Method and critique

3 Method and critique

We observed in §1.6 that category theory is adept at capturing the significant ideas in a mathematical discipline in the form of universal properties, whilst axioms may be expressed in symbolic logic as systems of introduction and elimination rules. Then in §2 we demonstrated the formal connection between these.

3.1. On this basis, we propose a methodology for devising a new foundational system for a subject. This is summed up by the diagram

In this, the task of the journeyman mathematician — the deduction of theorems from axioms — is to fill in the upward arrow on the right. Hopefully, this will make the rectangle “commute” in the sense that we recover the old theorems from the new axioms.

However, this job only makes sense in a professional framework in which axioms have already been chosen to capture the intuitions and applications of the discipline. This choice is represented by the downward arrow on the left.

The constructions that we sketched in §§2.8f provide the horizontal arrow in the middle, whilst the computational interpretation (bottom right) depends on the details of the resulting calculus (§2.3).

We shall show how this programme works for the example of general topology in the remaining sections of this paper , with some hints about how to apply the ideas to other subjects.

3.2. The first arrow in some sense derives the axioms from the theorems.

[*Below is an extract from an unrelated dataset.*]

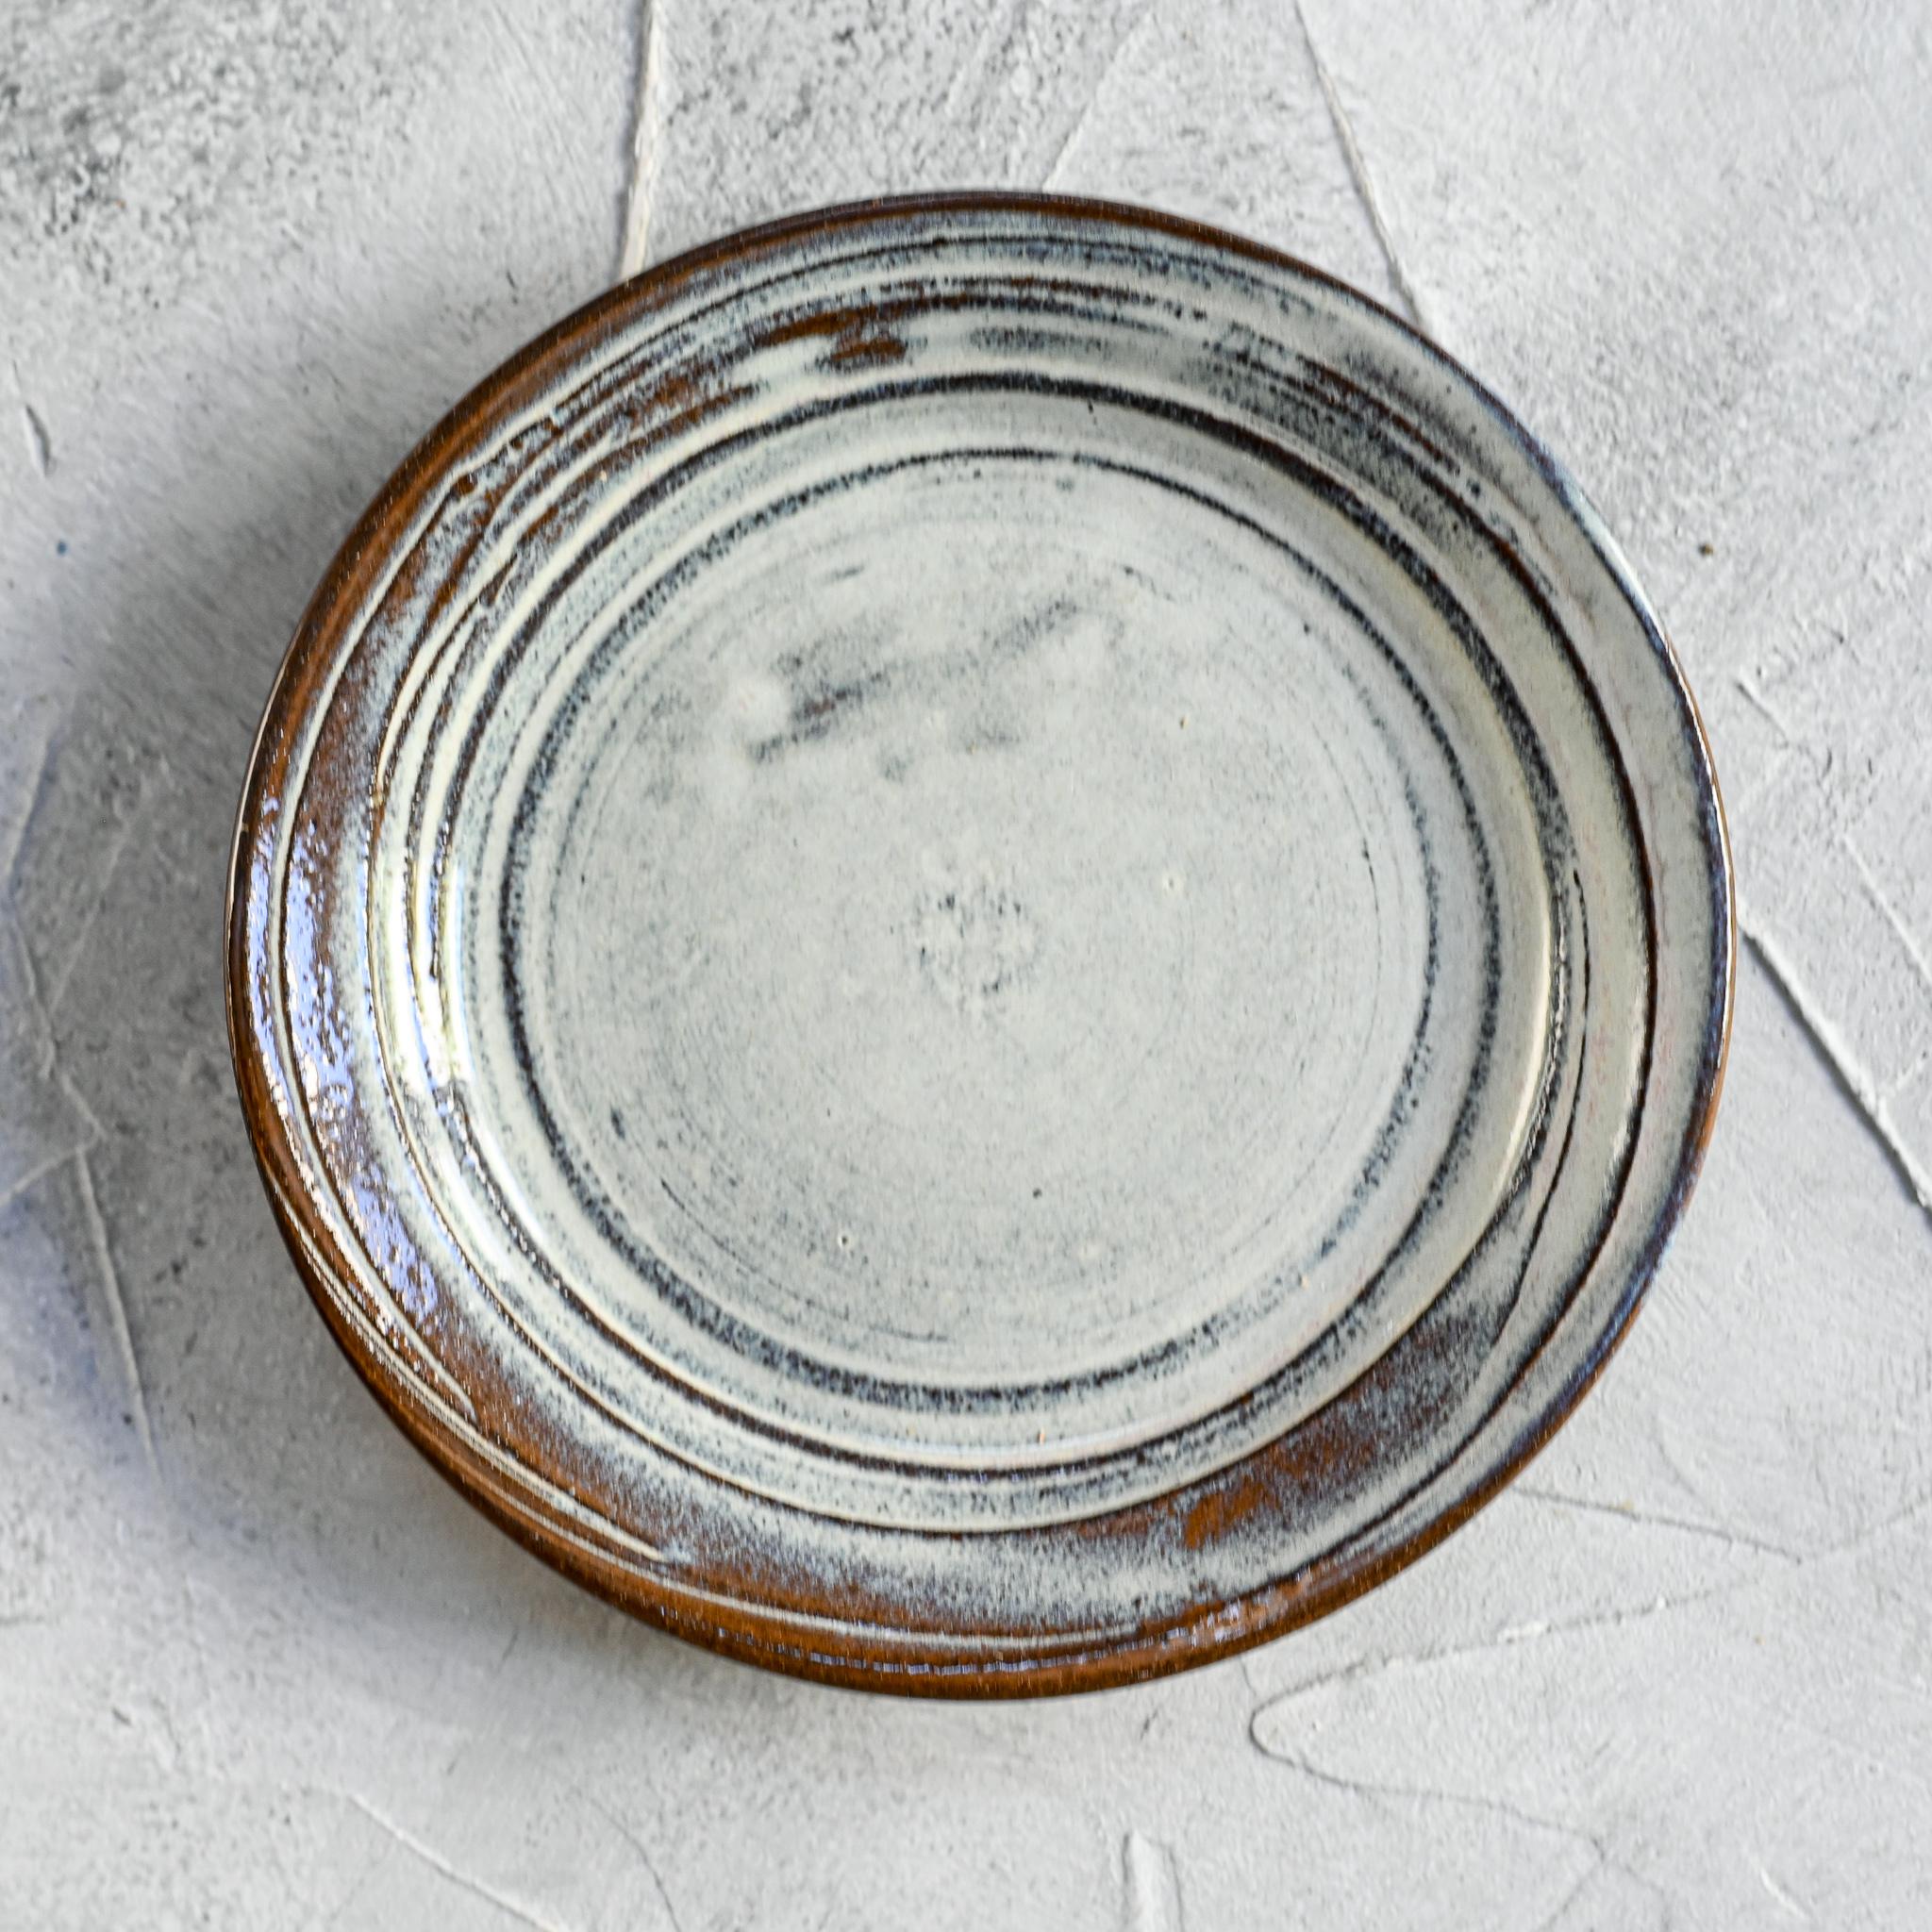 """картинка Керамическое блюдце """"Белые ночи"""" - DishWishes.Ru"""

Euclid and Bourbaki gave us a style of presenting mathematics that begins from axioms which (so far as their text is concerned) come out of the blue, and deduces theorems from them as if the results were obvious and inevitable. Abel described Gauss as “like a fox, who effaces his tracks in the sand with his tail”. Consequently, lesser mathematicians think that it is enough to state a bunch of axioms in order to justify the relevance of their results, whilst students learn nothing about the ways in which their masters discovered their theorems.

In following our methodology, we cannot “write down all the axioms first”, because finding the right axioms is the goal of the investigation. Being able to deduce the old theorems from the new axioms is an experimental test of the axioms that we propose. So before we have discovered the final version of the axiom system, we need to conduct preliminary experiments in ad hoc frameworks (cf. §5).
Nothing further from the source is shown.